Based on the in vitro study, ferulic acid, phytosterol and γ-oryzanol were used to enrich wheat flour, in an effort to provide new thoughts in designing a functional staple food with the potential to regulate the lipid/glucose metabolism for obese people. We found that by replacing refined wheat flour in an HFFD with the enriched 90 flour, the risk factors for metabolic syndrome in rats are significantly diminished. The treated rats showed an improvement of hyperglycemia and glucose tolerance, which may be due to the increased utilization of glucose in the liver via an improvement of insulin sensitivity or a restoration of hepatic glucokinase and glycogen storage activity. Indeed, phosphorylation of Akt in liver tissue was significantly elevated by OZ-90F, PT-90F and FA-90F treatments, indicating improved insulin sensitivity (Figure 7). The improved glucose metabolism is also evidenced by western blot in the in vitro study (Figure 2). However, no significant improvement in glucose absorption was observed in ferulic acid and γ-oryzanol-treated cells (Figure 1). This is probably because the micro circumstance of the in vitro cell culture system is not as optimized as the in vivo study, and the treatment time is relatively short in the in vitro study.

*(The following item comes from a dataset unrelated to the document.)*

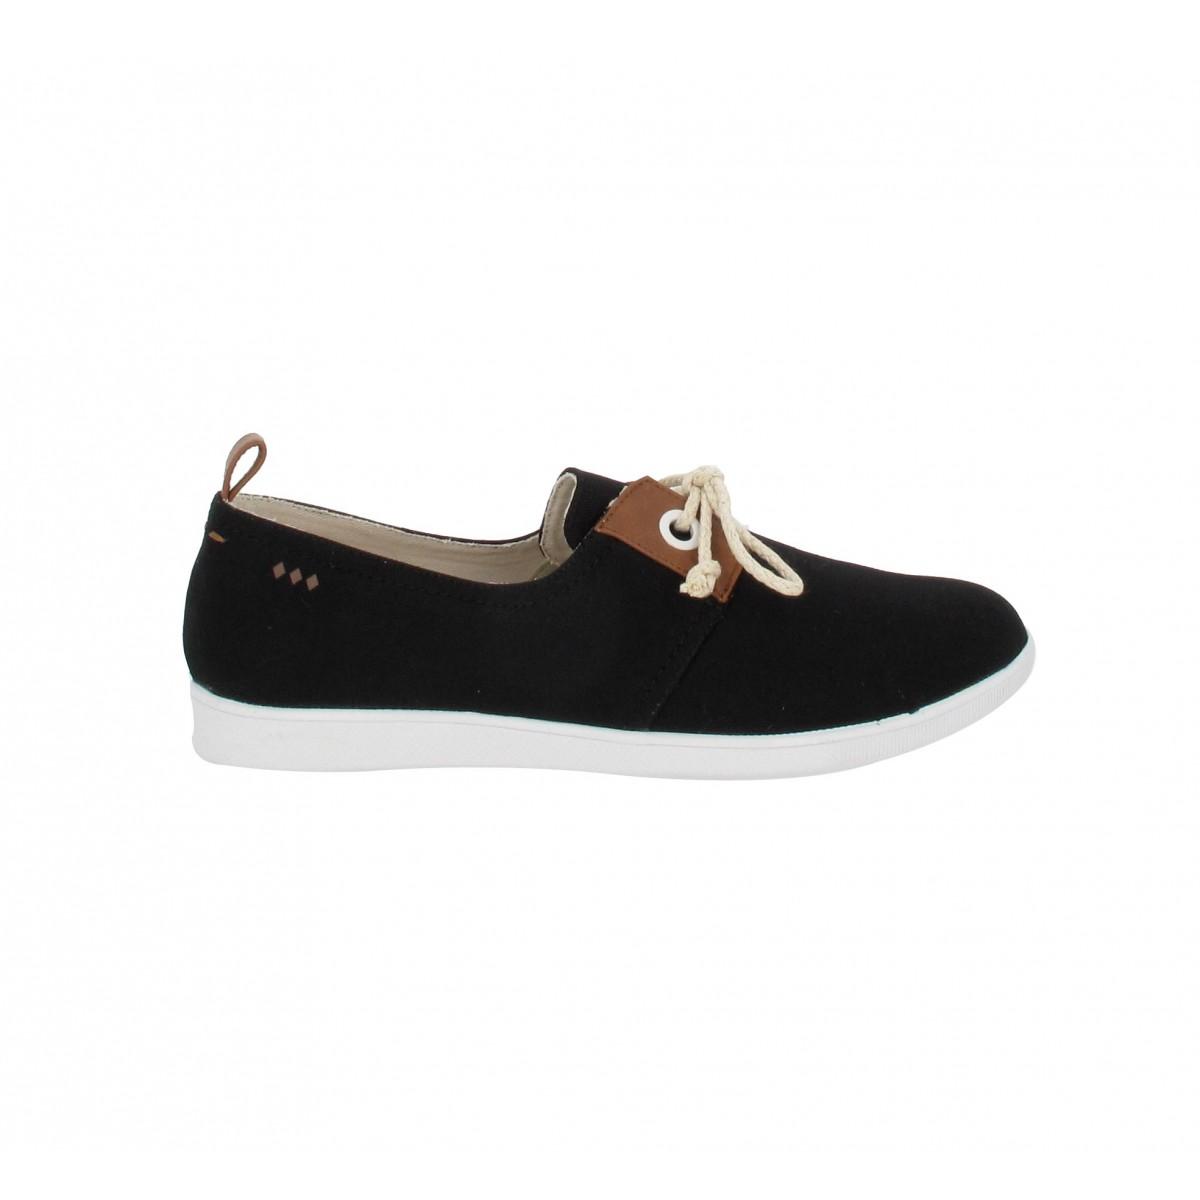 soldes armistice stone 1 toile femme noir fanny chaussures. Black Bedroom Furniture Sets. Home Design Ideas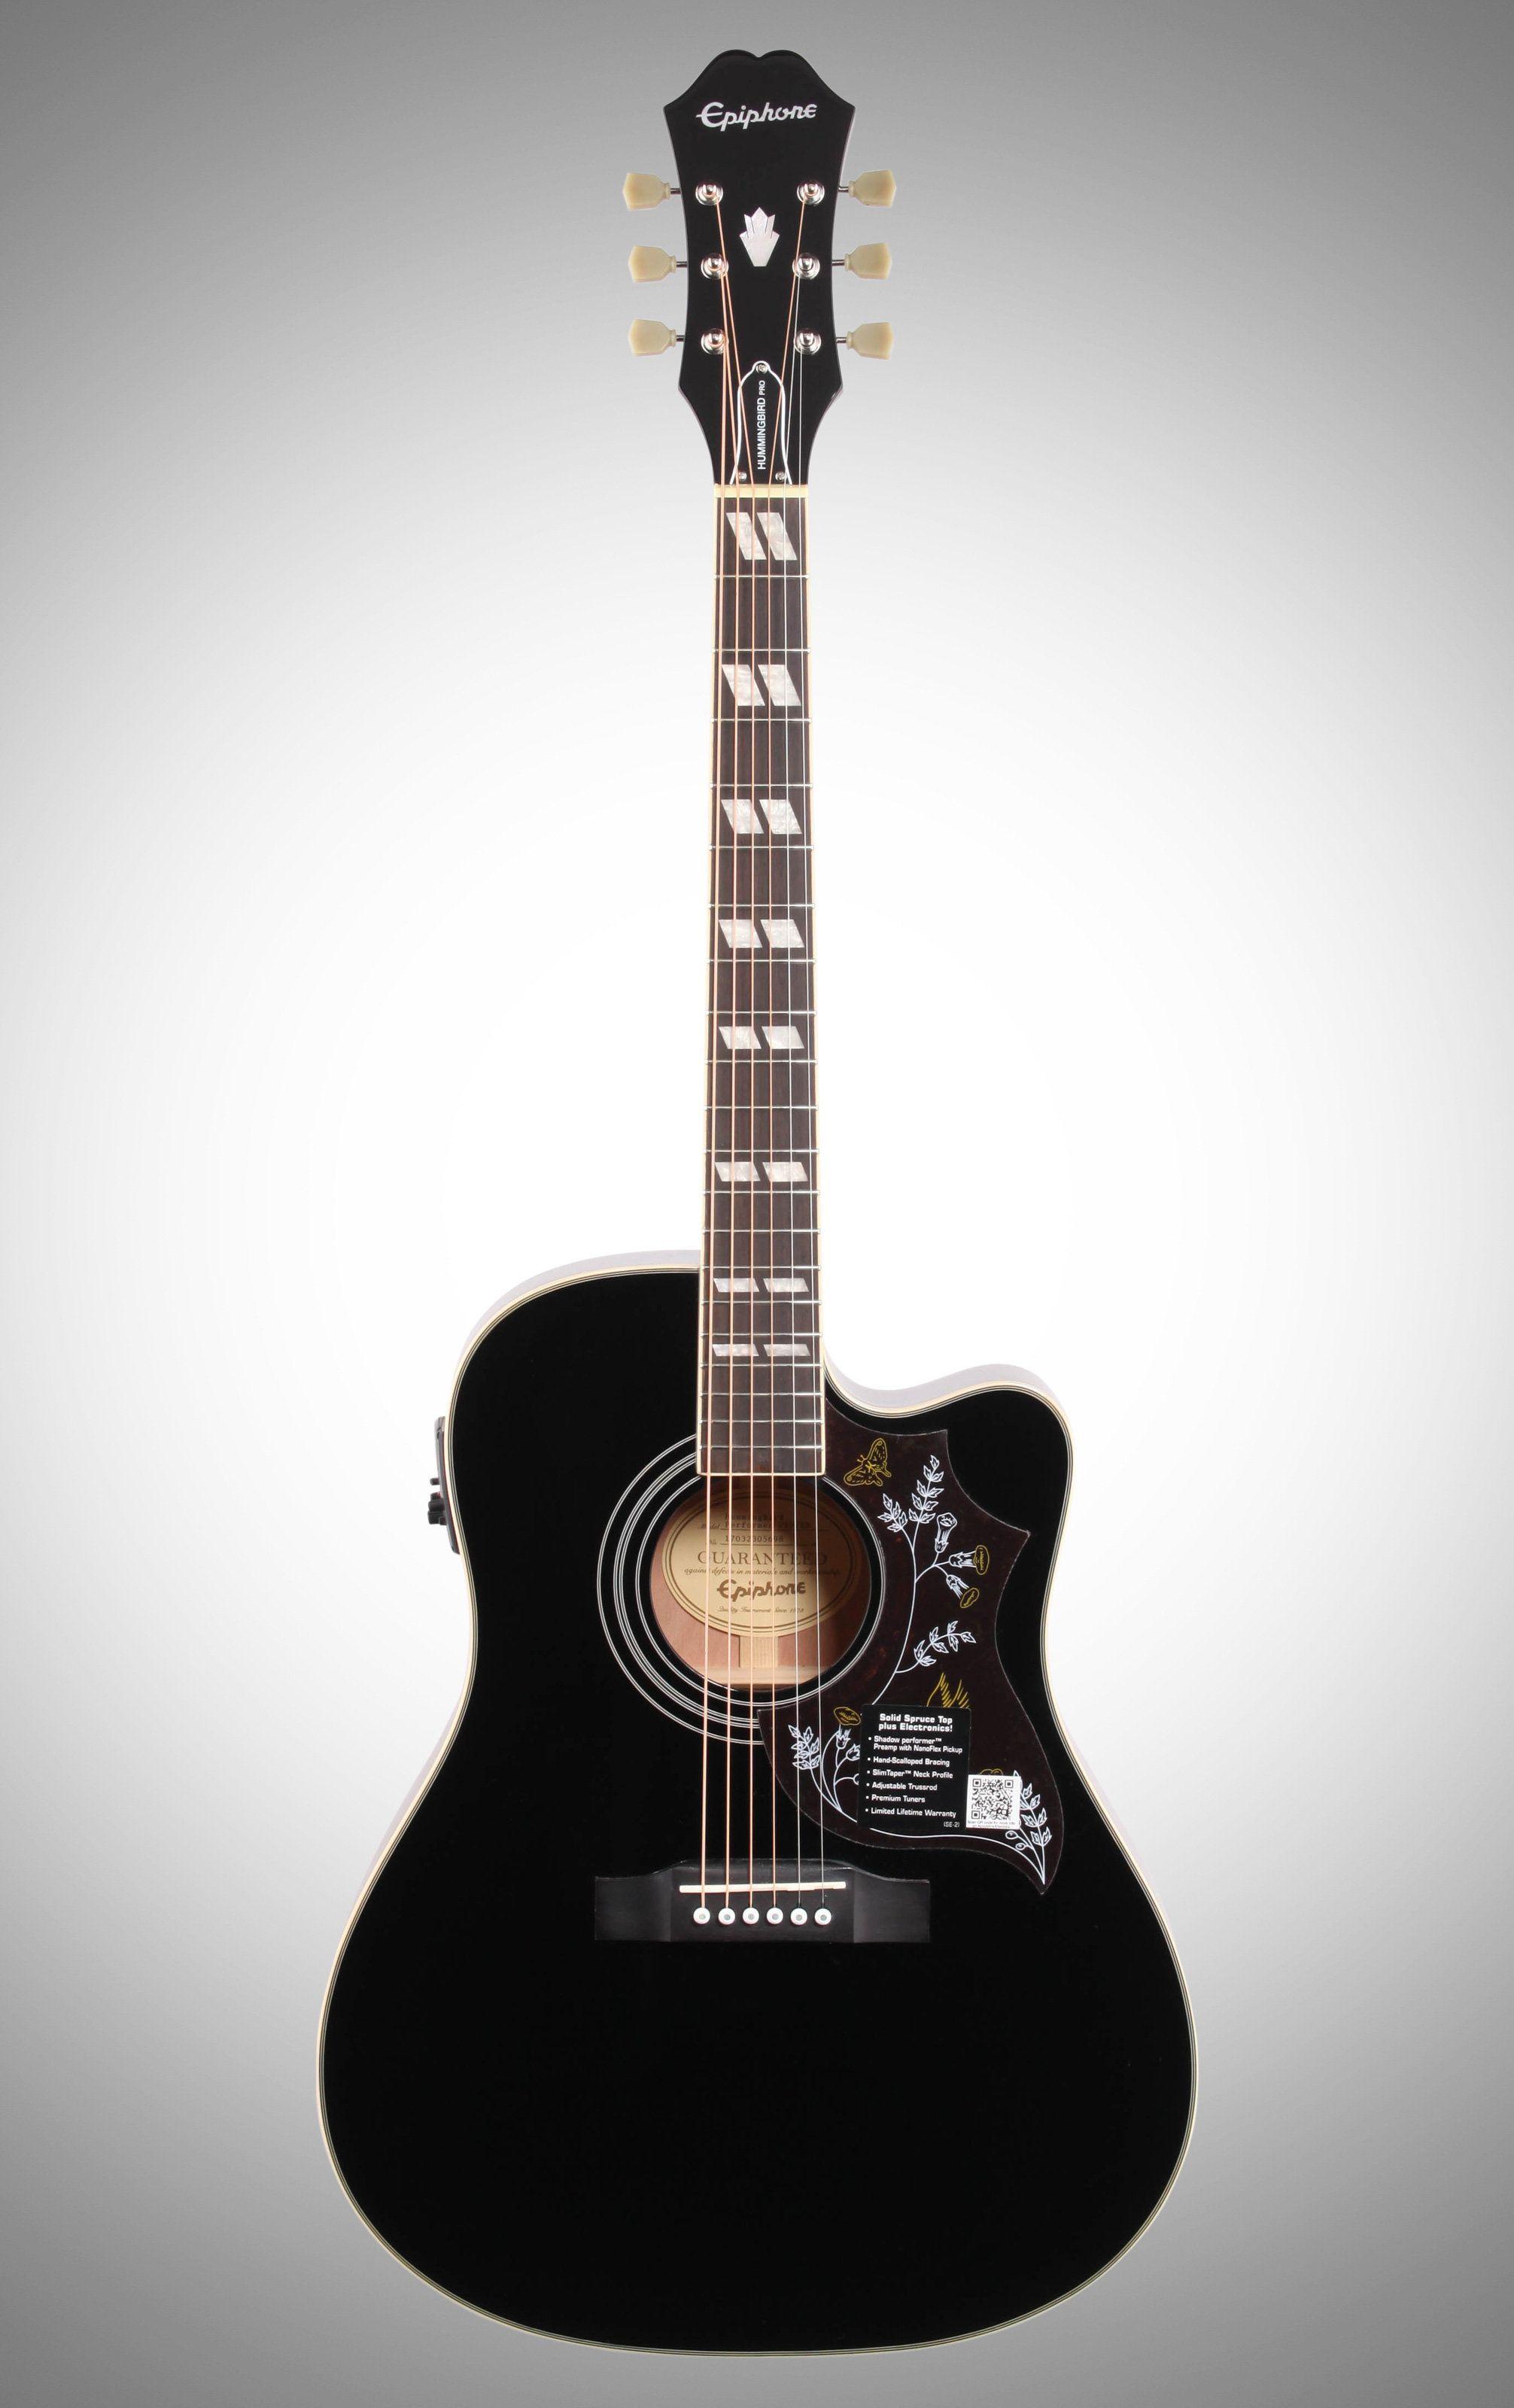 Epiphone Exclusive Hummingbird Pro Cutaway Acoustic Electric Epiphone Hummingbird Guitar

FA-90F exerted the most comprehensive role in alleviating metabolic diseases. Ferulic acid is a well-studied antioxidant. It not only scavenges free radicals, but also increases the activity of enzymes that are responsible for scavenging free radicals, and inhibits enzymes that catalyze the production of free radicals. In the present study, the MDA level is measured as an indicator of oxidative stress. Indeed, ferulic acid exerted a significant effect in lowering MDA accumulation in HepG2 cells (Figure 1). FA-90F also significantly reduced hepatic MDA accumulation and serum MDA level in HFFD-fed rats, while the other groups reduced it numerically, but not statistically (Figure 5 and Figure 6). The alleviated oxidative stress might contribute to the hypoglycemia and insulin-sensitizing effects of FA-90F [35].
These enriched flours are also beneficial for regulating HFFD-induced liver steatosis, among which FA-90F exerted a significantly better effect in inhibiting the hepatic TG level than the other two groups (p < 0.05). The effect of FA-90F might be attributed to the decrease in DGAT1 expression as indicated in the in vitro study (Figure 2a), and the increased AMPK phosphorylation in liver tissue from FA-90F-treated rats (Figure 7a). Ferulic acid is also reported to decrease the expression of hepatic lipogenic genes, such as SREBP1c, fatty acid synthase (FAS) and ACC, thereby limiting the availability of the fatty acids required for a synthesis of hepatic triglycerides and also reduce the serum lipid levels in high-fat-diet fed obese mice [9]. Although phytosterol did not show any significant effect in lowering the hepatic lipid accumulation in HepG2 cells (Figure 1), the effect strengthened the in vivo study (Figure 5). The weak effect in the in vitro study might be due to the short treatment time. The hepatic lipid lowering effect of OZ-90F and PT-90F might be evidenced by reductions in expressions of p-AMPK, DGAT1, SCD by γ-oryzanol and phytosterol treatments in the in vitro study (Figure 2), and the downregulated p-AMPK in the liver tissue of treated rats (Figure 7).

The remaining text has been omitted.